Records supplied =>
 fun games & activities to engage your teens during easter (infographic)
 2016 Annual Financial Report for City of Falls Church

---

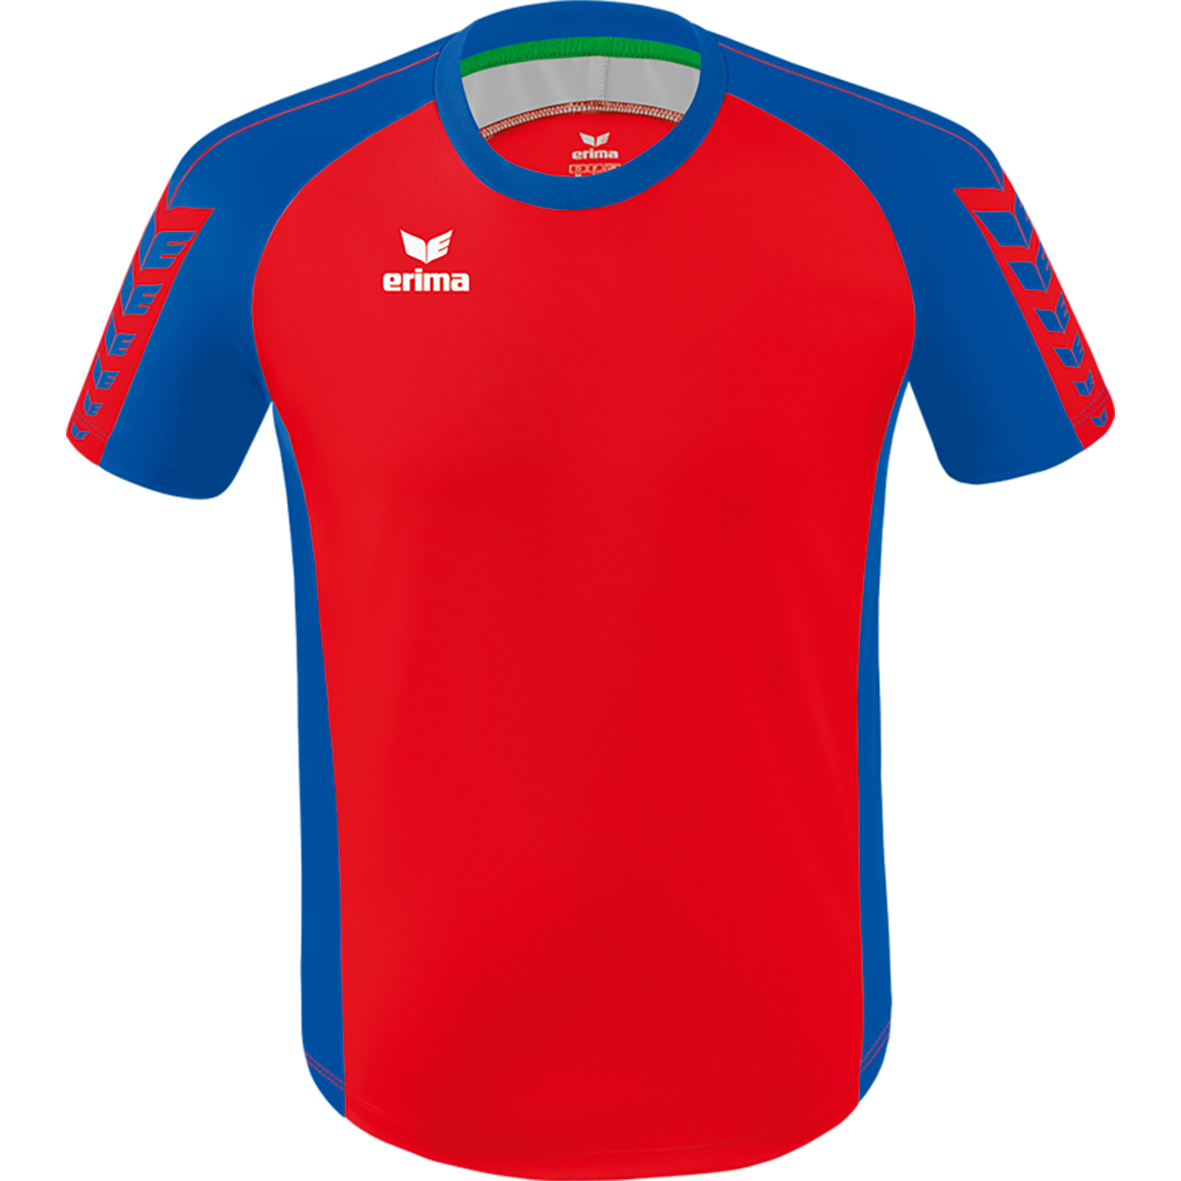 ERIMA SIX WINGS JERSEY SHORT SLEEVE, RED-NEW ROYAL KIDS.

--

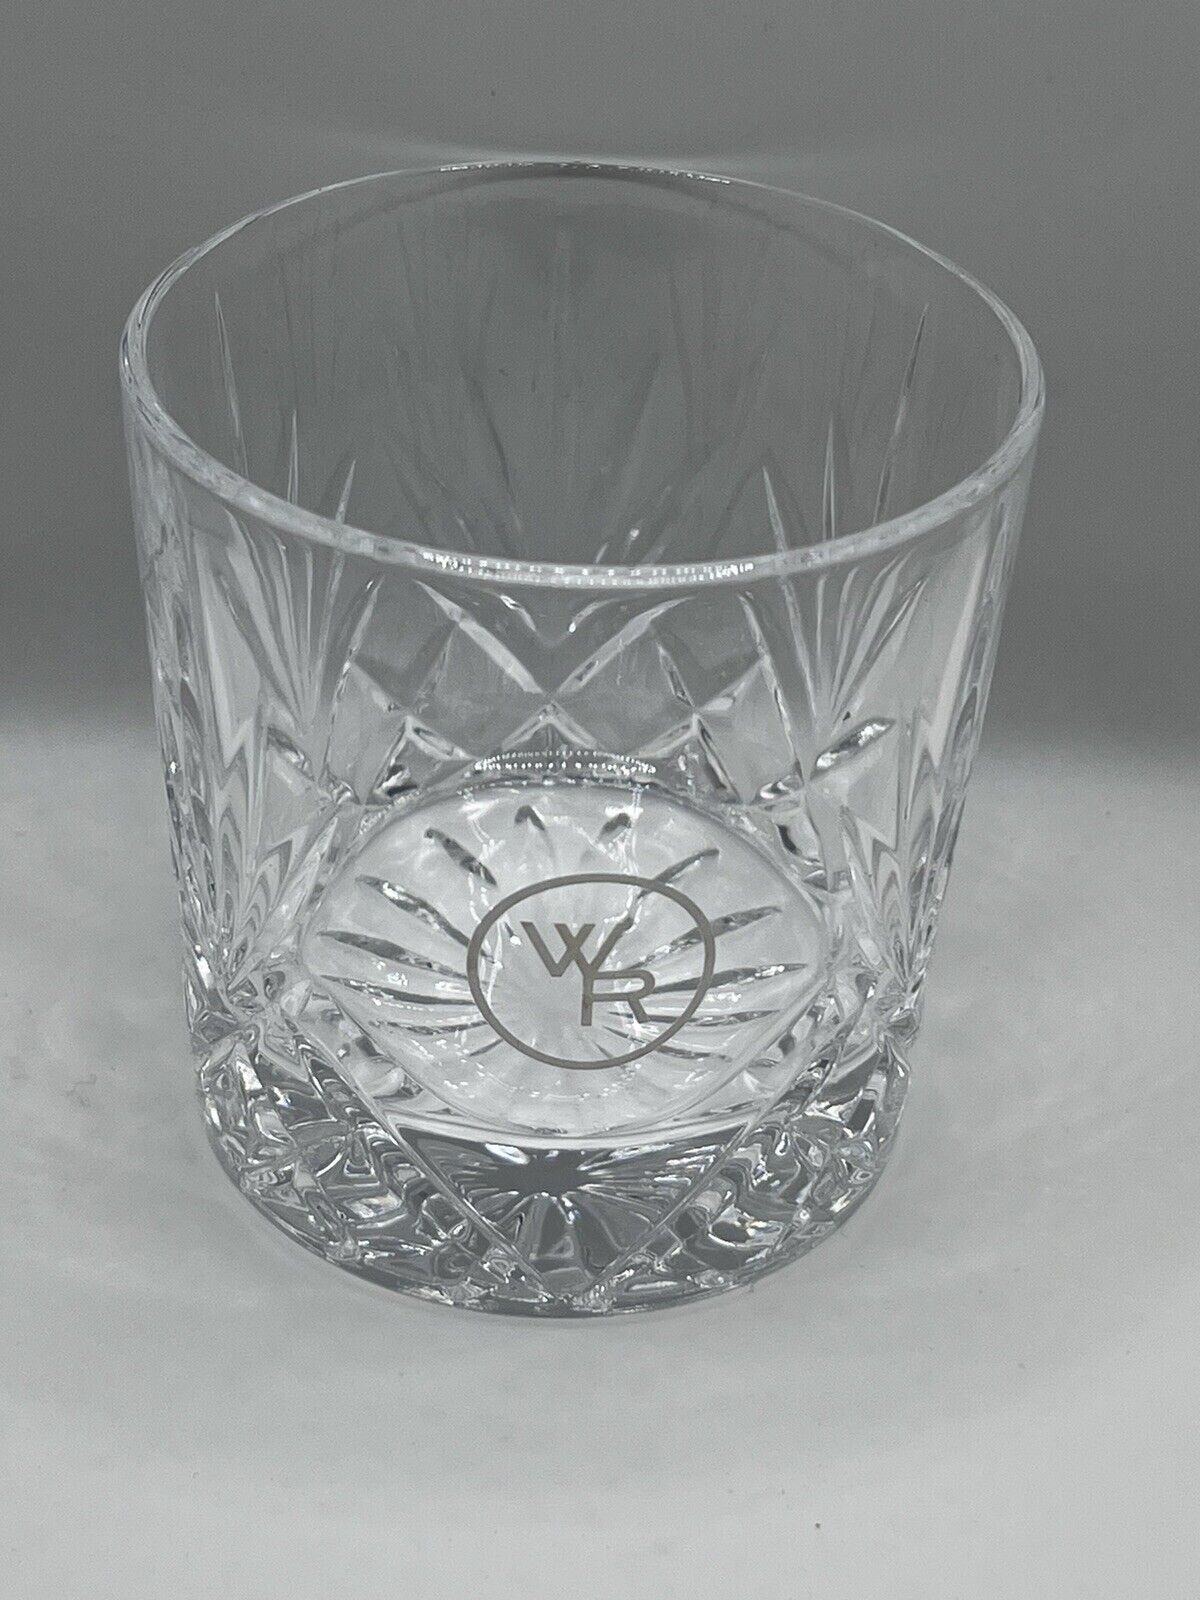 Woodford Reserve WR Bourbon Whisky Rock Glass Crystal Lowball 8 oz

Task to complete => What is asked for is an exact copy of the lines above from the one containing "fun games &" through the one containing "2016 Annual Financial", and only those.

Task response =>
 fun games & activities to engage your teens during easter (infographic)
 2016 Annual Financial Report for City of Falls Church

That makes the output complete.